Supporters of repeal say that relatively few crimes are committed using the banned weapons. They fail to note that when these high-powered guns are used, their effect is devastating. Health professionals, left to try to repair the damage being wreaked by America's domestic arms race, say assault weapons are favored mostly by criminals, and it is extremely hard to save their victims.
Supporters of repeal argue that the ban is based on a gun's superficial characteristics rather than its firepower, firing speed, accuracy or deadliness. If their concern is that the ban isn't as effective as it could be in identifying and getting the most lethal weapons off the streets, perhaps they'd rewrite the law to accomplish better what the current ban already is doing. In its first year, reports Attorney General Janet Reno, there was an 18 percent drop in the number of assault weapons traced to crimes.
Supporters of repeal insist the ban is mostly symbolic. They have a point. But what about their votes to repeal? As a matter of political reality, repeal may not even be taken up this year in the Senate. Opponents there promise a filibuster. Majority Leader Bob Dole, when his eye was on the GOP presidential nomination, promised the NRA last year that a repeal vote would be held. But now, with his eye on the general election, he's giving the bill low priority.

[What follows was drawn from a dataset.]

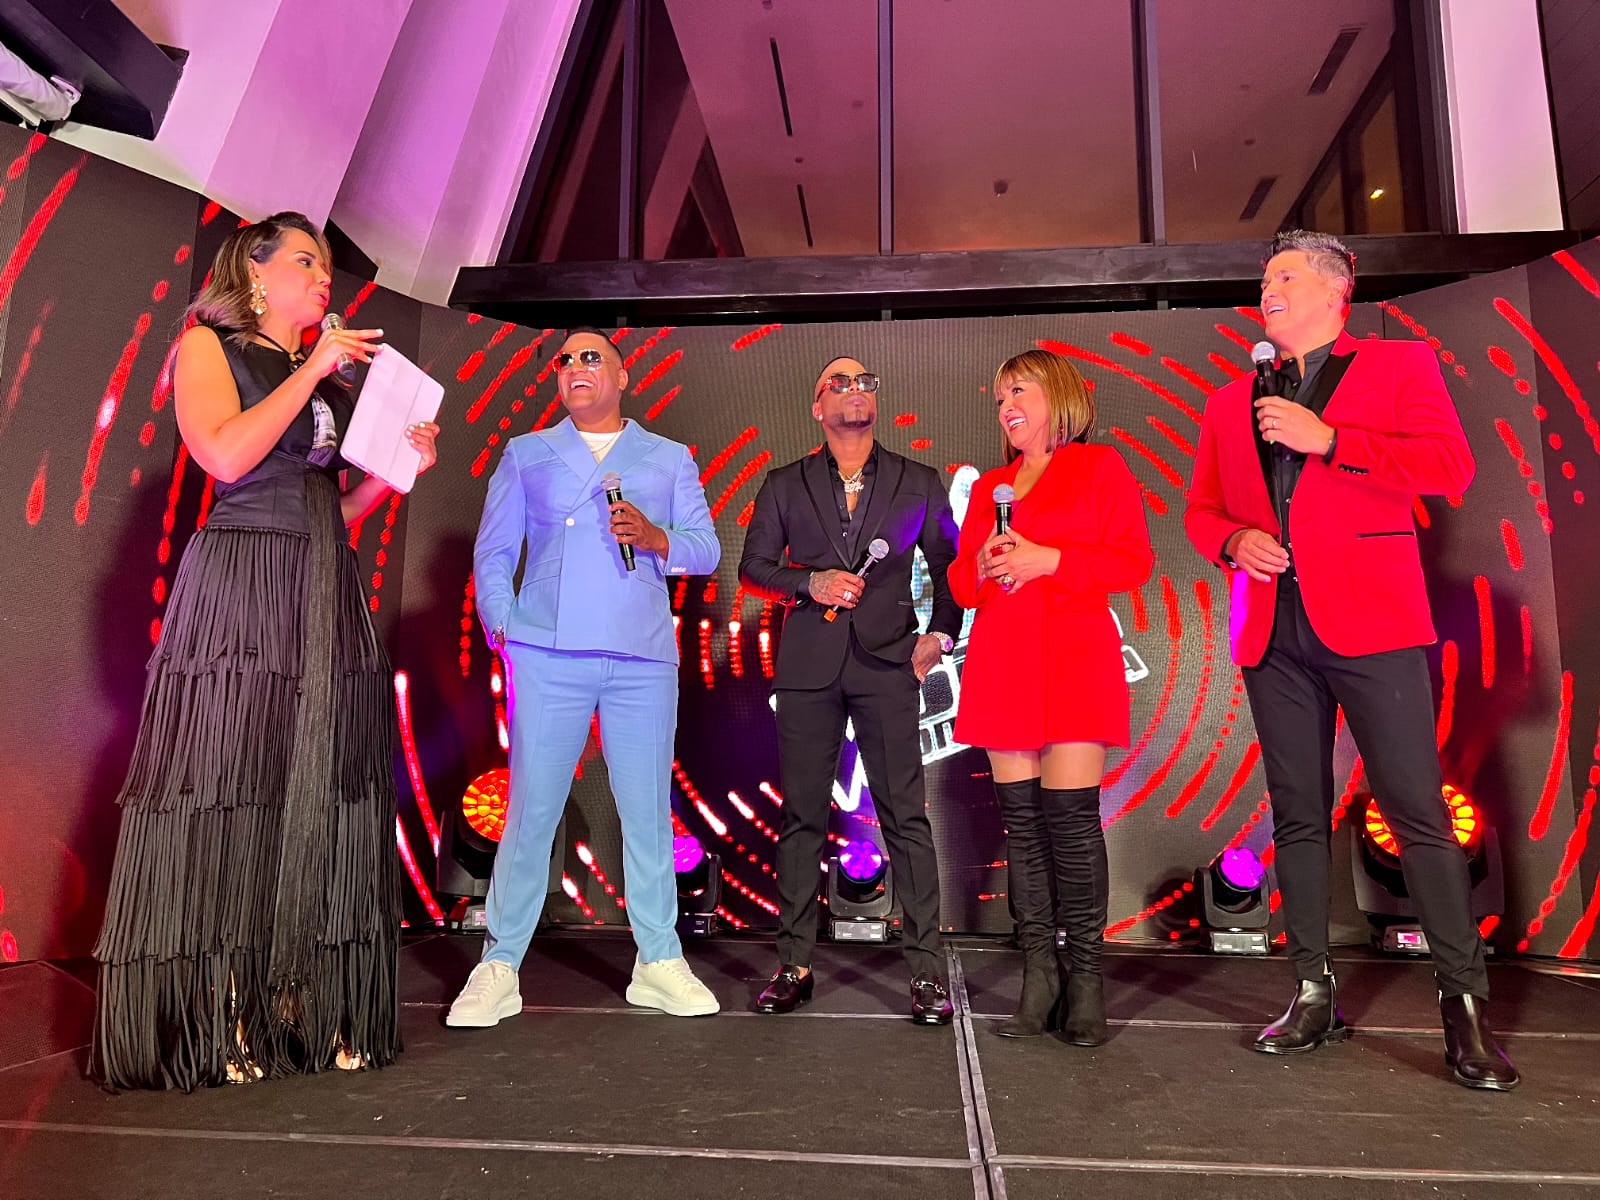 Lanzan la segunda temporada del programa The Voice Dominicana

There is, after all, that 70 percent of the public telling pollsters they favor the ban.
If, in spite of common sense, public safety and popular sentiment, the repeal should pass both houses of Congress, President Clinton has pledged to veto it. But even this modest measure of rational gun control may yet be blown away sometime. Like a cocked rifle in the distance ready to go off, catching its target unaware, repeal of the assault-weapons ban awaits more favorable political conditions. A violence-weary public should be alert to the danger.